▶ WHAT YOU WILL DO
Instruction for the entries that follow: retype exactly the lines from the line with "Mini GT x Kaido" to the line with "Sunset Throw Pillow", both included, and omit all others.
===== MATERIAL PROVIDED
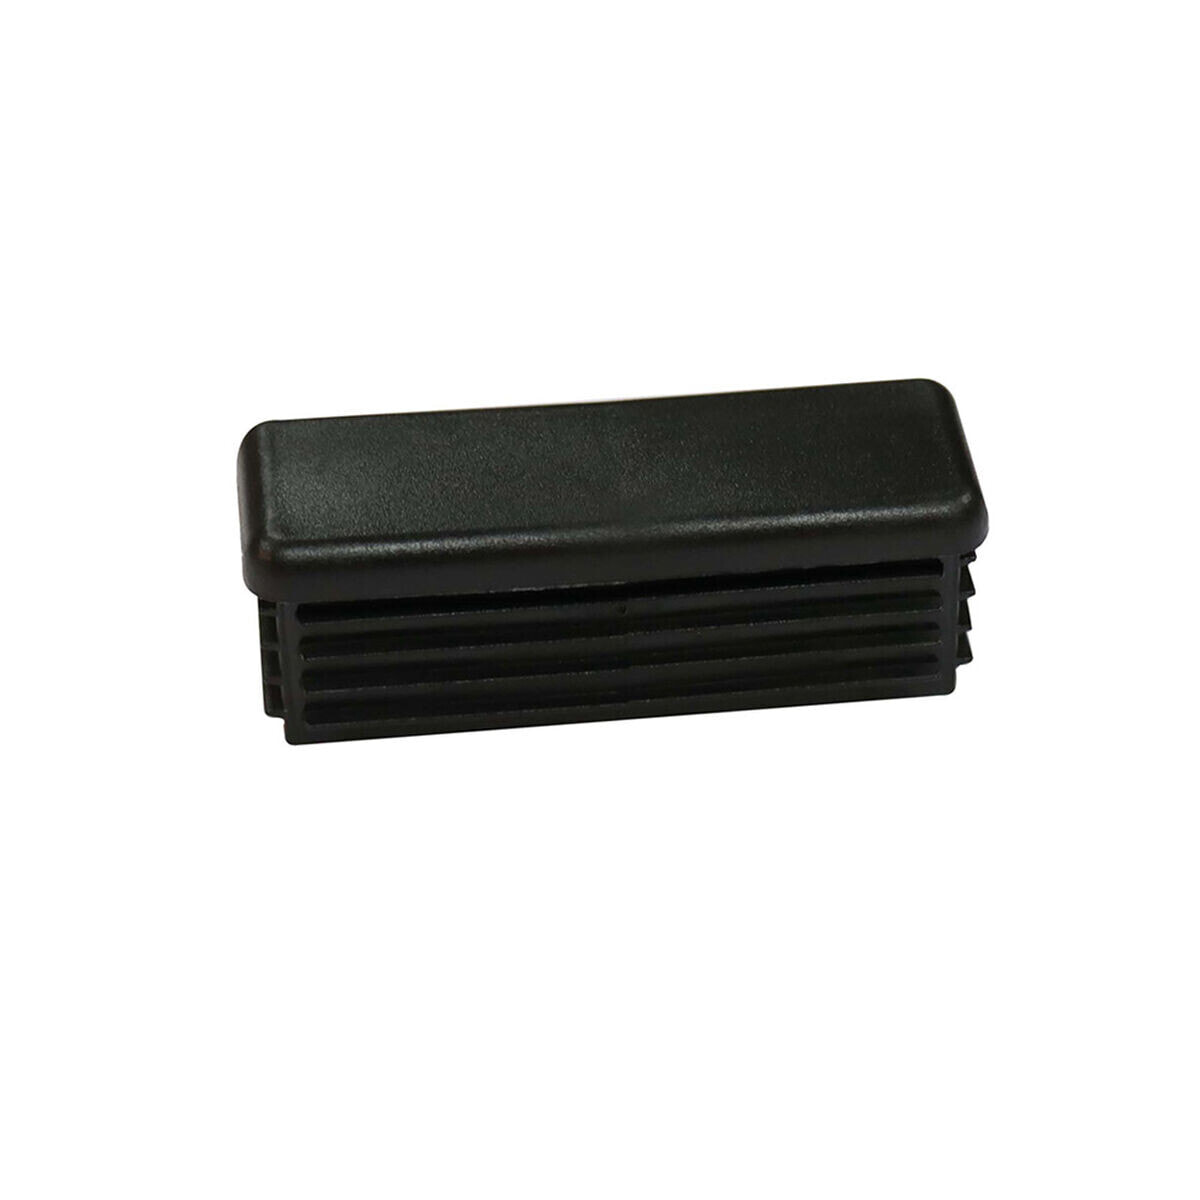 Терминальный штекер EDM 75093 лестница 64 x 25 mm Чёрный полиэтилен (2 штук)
==========
===== MATERIAL PROVIDED
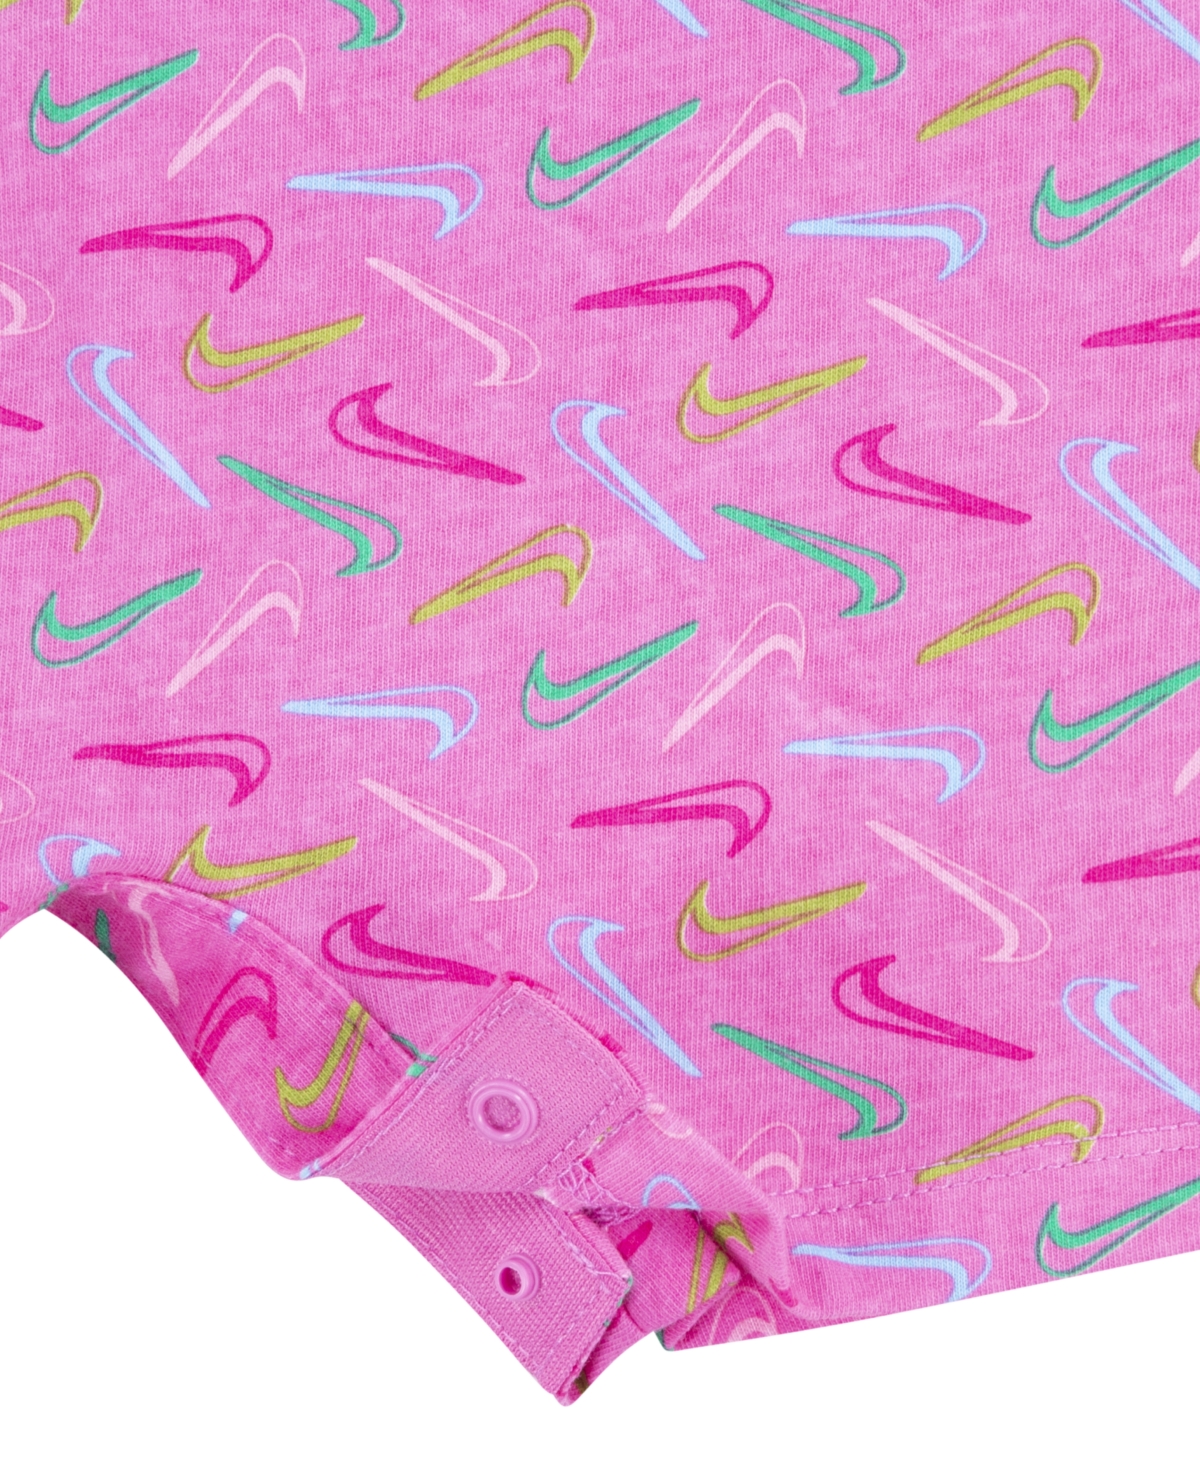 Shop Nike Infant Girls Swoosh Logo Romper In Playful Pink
==========
===== MATERIAL PROVIDED
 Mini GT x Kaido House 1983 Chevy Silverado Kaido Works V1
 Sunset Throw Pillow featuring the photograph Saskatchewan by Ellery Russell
==========
▶ SOLUTION FOR THIS PROBLEM
 Mini GT x Kaido House 1983 Chevy Silverado Kaido Works V1
 Sunset Throw Pillow featuring the photograph Saskatchewan by Ellery Russell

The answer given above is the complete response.